Electrical Communication is a free textbook on the basics of communication technology. See the editorial for more information....


Wave Guides

The transmission lines and cables considered in the preceding pages are, in a sense, wave guides. They guide the electromagnetic waves that contain the electric energy transmitted. Lines and cables are seldom treated as guides, however.

A solid dielectric material such as wood, glass, or polystyrene will guide electromagnetic waves. These materials have dielectric constants greater than air, and electromagnetic waves will follow a stick or rod of such material in preference to air, but the attenuation is high.

A hollow metal tube of circular, rectangular, or other cross-sectional shape, also will guide energy, in the form of electromagnetic waves, from one point to another. Such hollow metal tubes are what is usually meant by the term wave guide.
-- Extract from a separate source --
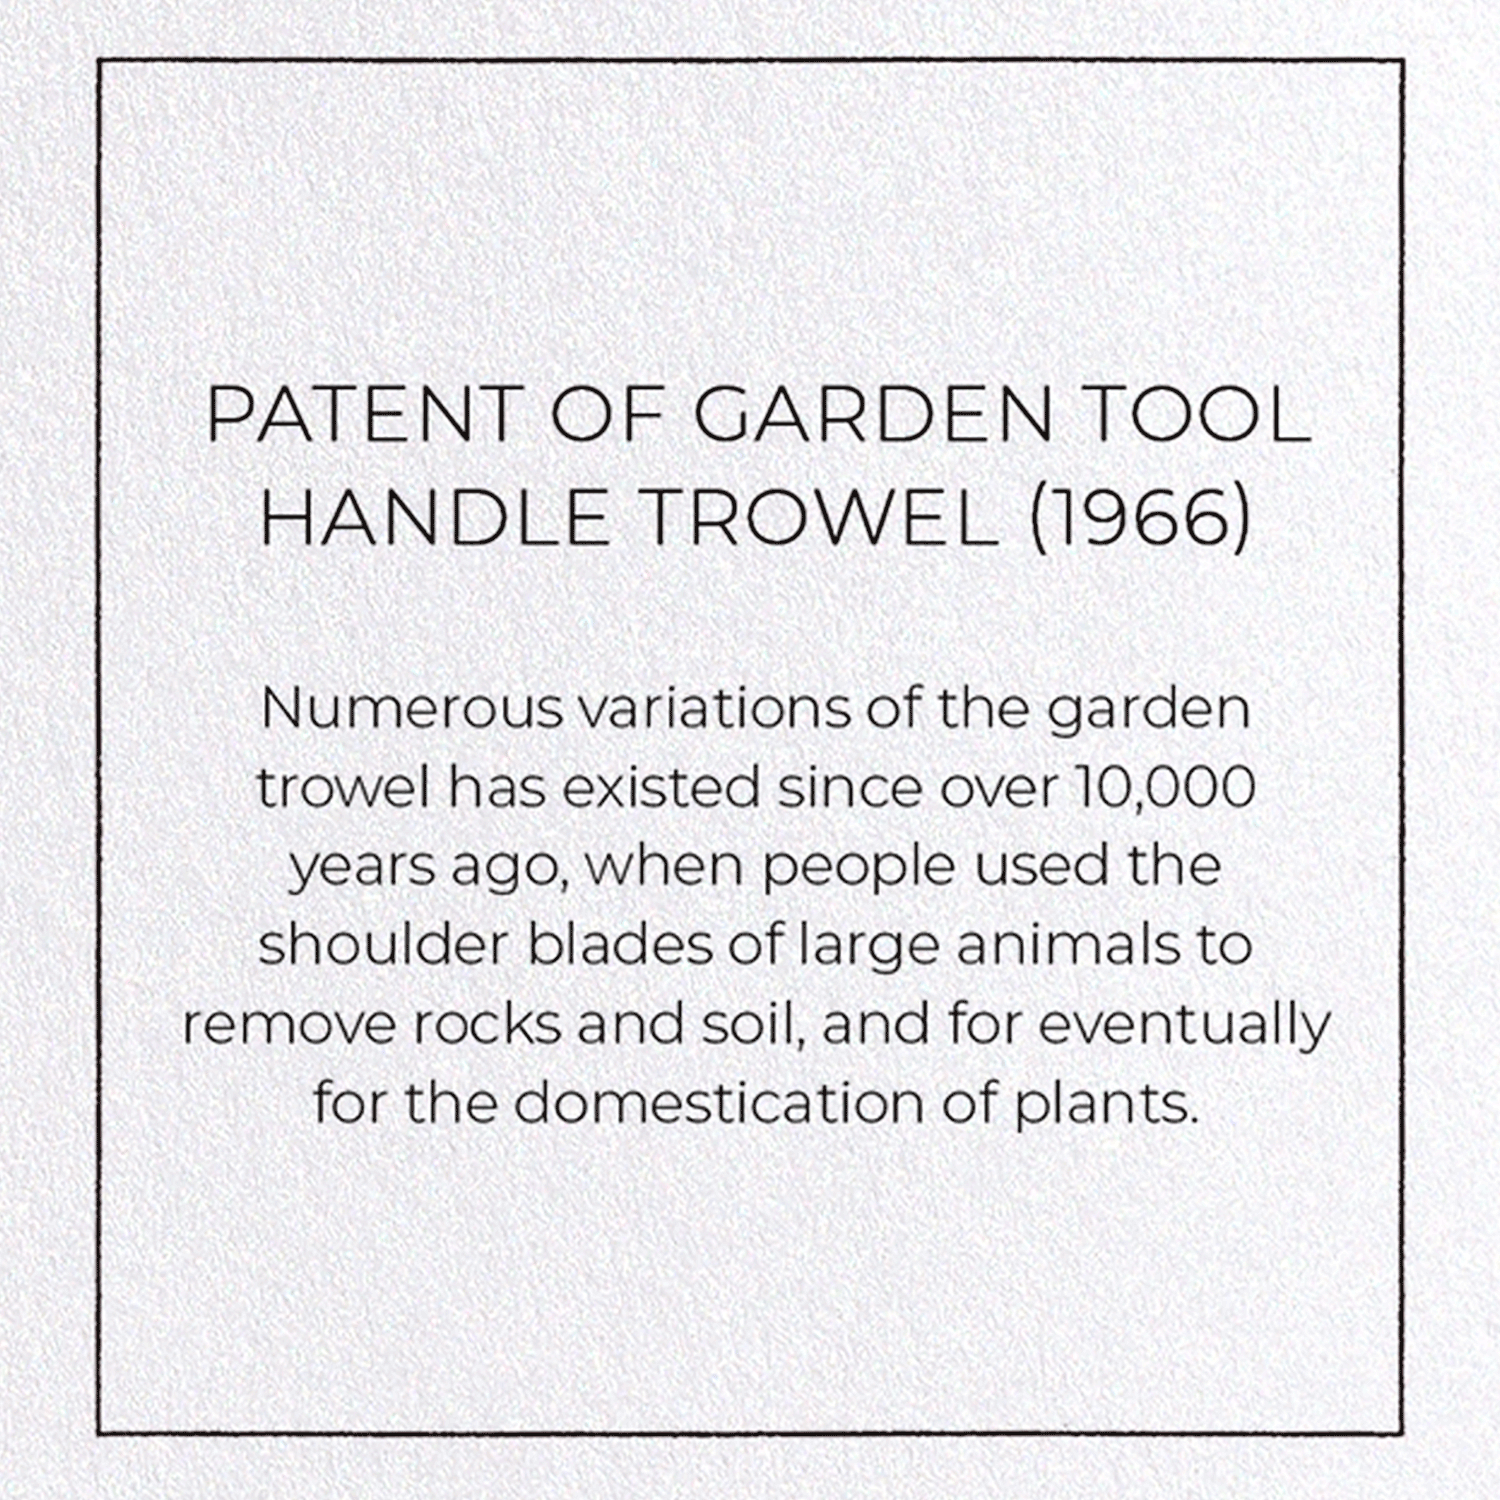 PATENT OF GARDEN TOOL HANDLE TROWEL (1966)

Wave guides are used at ultrahigh and superhigh frequencies largely because the radiation loss and attenuation loss in open-wire lines and coaxial cables become excessive at such frequencies.
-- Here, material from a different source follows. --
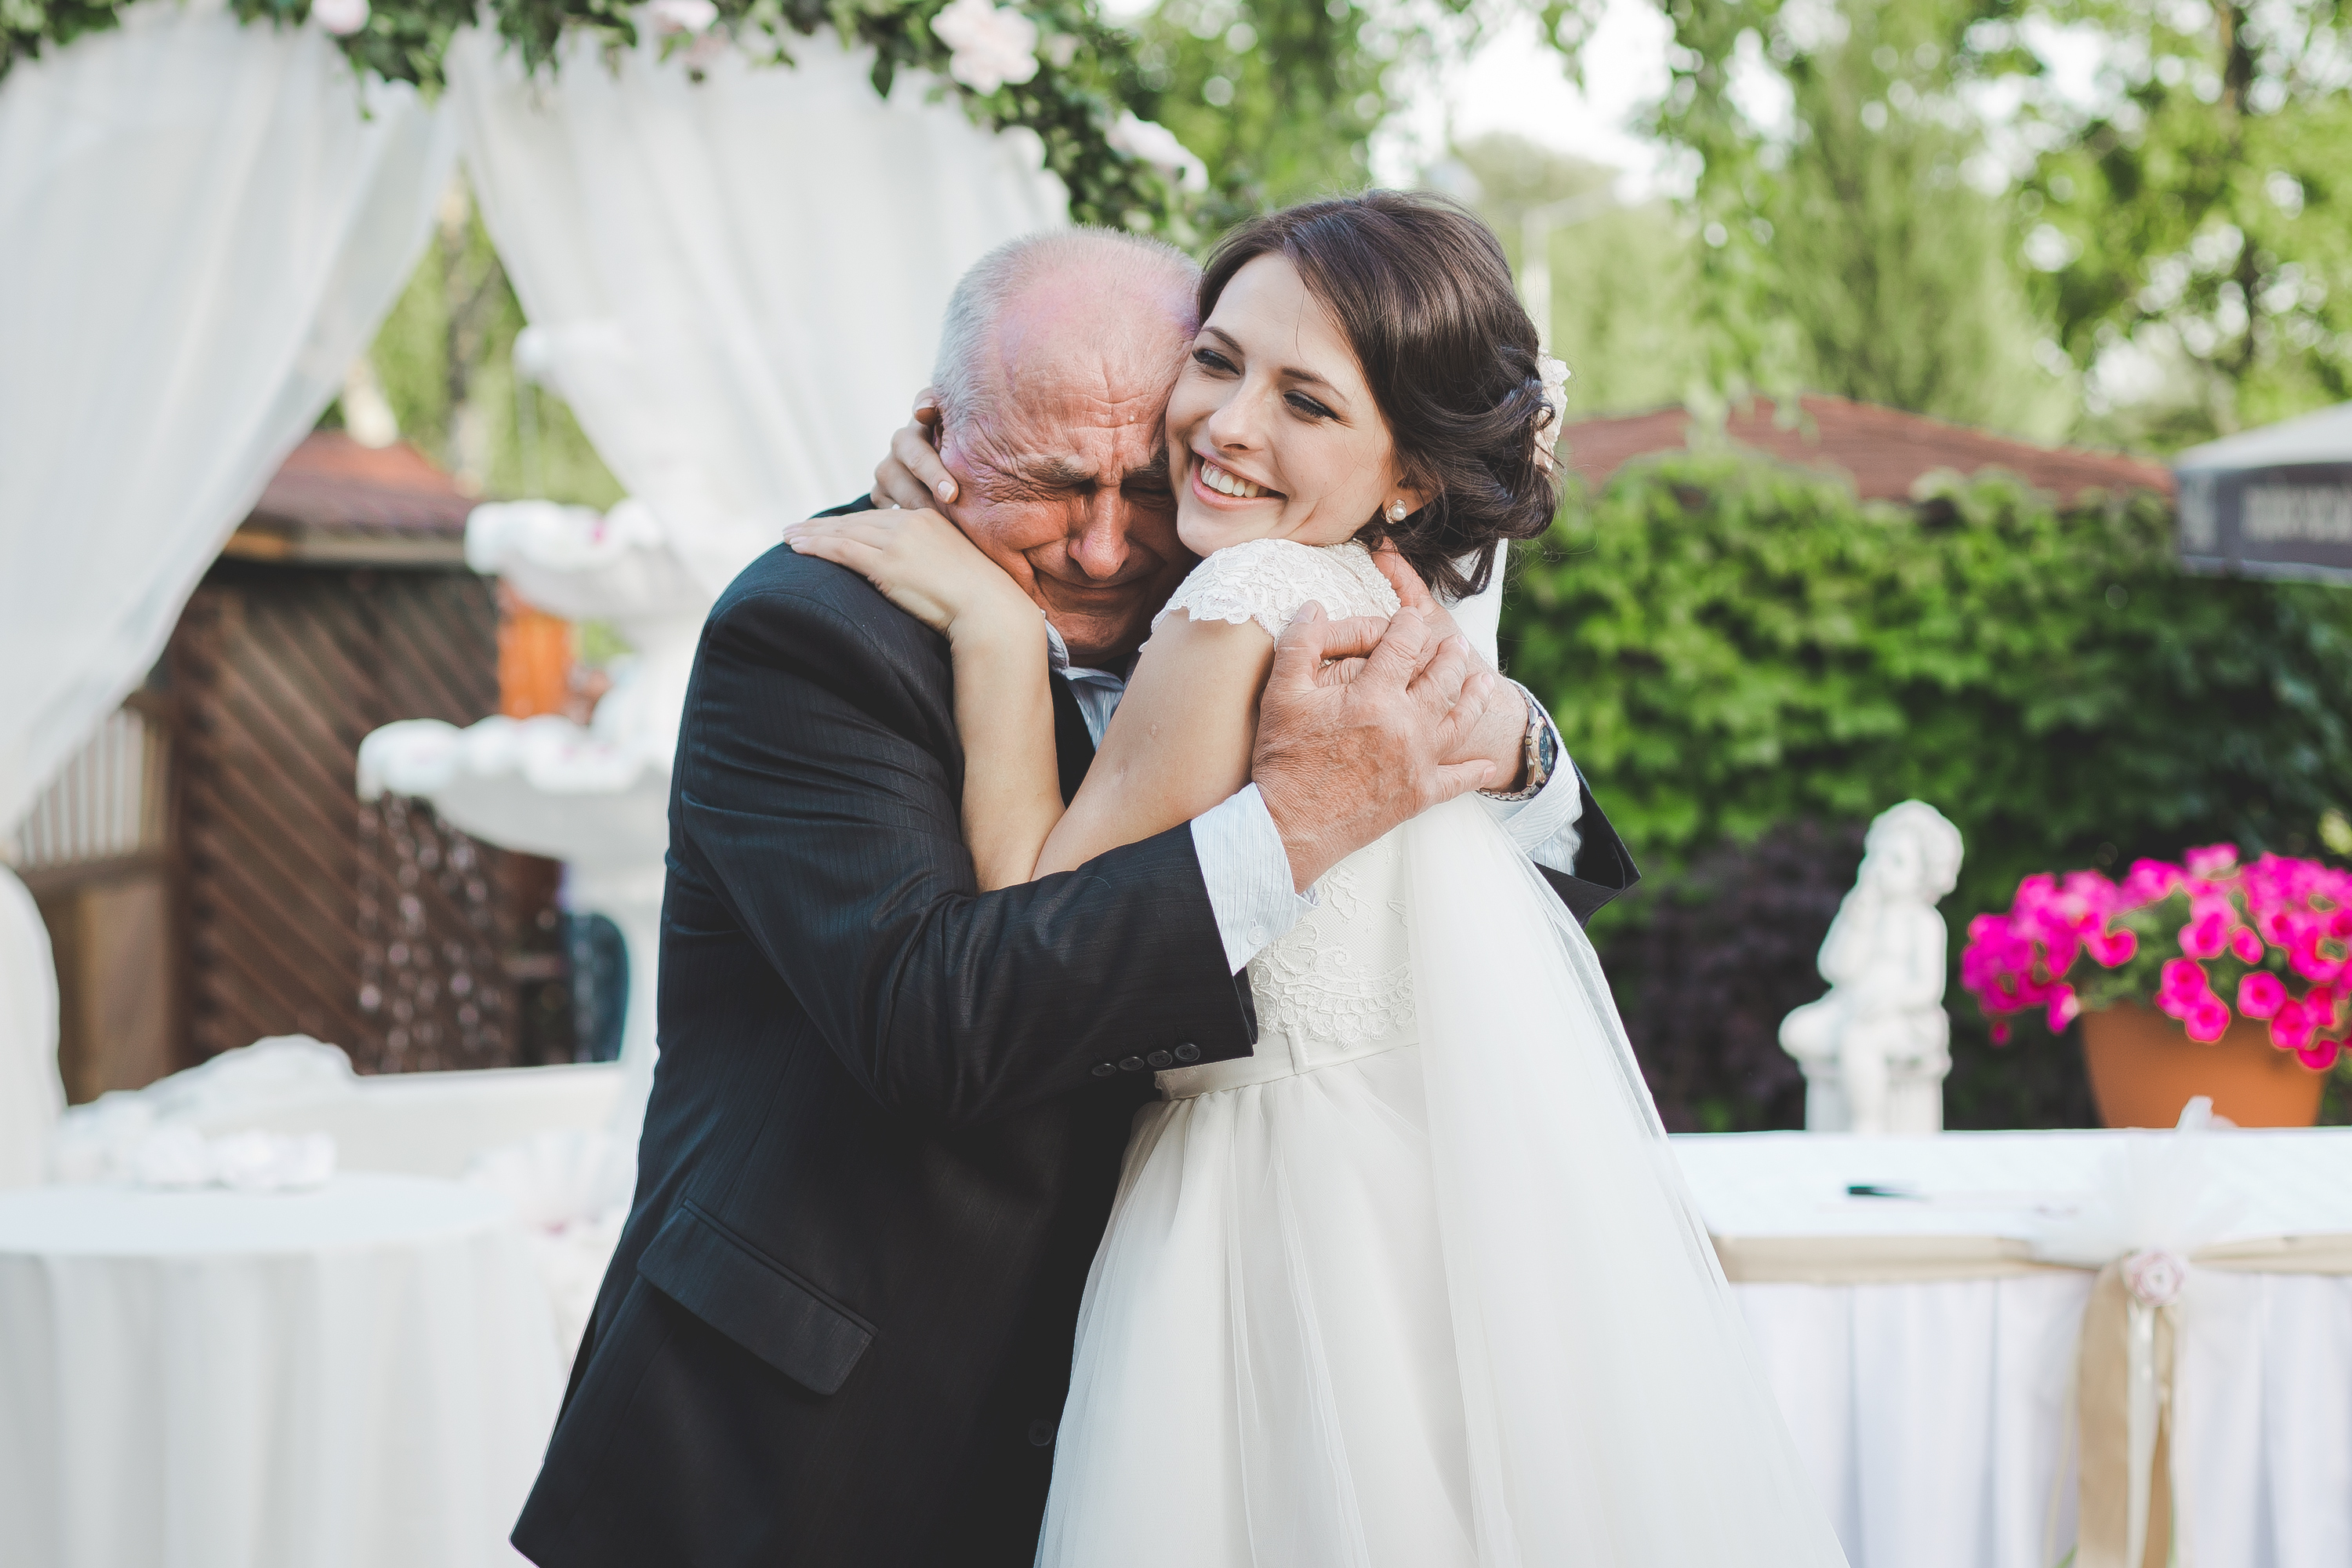 Die Braut lächelt, während sie einen älteren Mann umarmt. | Quelle: Shutterstock

The electromagnetic wave that transmits the electric energy is established at the sending end of the wave guide by an arrangement of one or more conductors that is similar to a radio antenna. Once the energy is transferred to the hollow wave guide, it will be transmitted along the guide until the energy is dissipated in the walls of the guide, or absorbed by other means; the high-frequency energy cannot escape through the conducting walls. In fact, the currents that are established in the walls of the wave guide by the passing electromagnetic waves flow so completely in the surface layers that silver plating the inner surfaces materially reduces the transmission losses. At the distant end of the wave guide the received electromagnetic energy is extracted by an arrangement of conductors constituting a receiving antenna, or the energy is radiated by an electromagnetic horn.

From the engineering viewpoint, it is possible to study wave guides by analogy with transmission-line theory. Wave guides are at present (1949) of limited practical importance, relatively speaking, in commercial communication systems. The use of wave guides in commercial communication systems undoubtedly will grow. Perhaps it is not absurd to envision a transcontinental wave-guide system. References 8 and 33 to 36 are recommended for information on wave guides.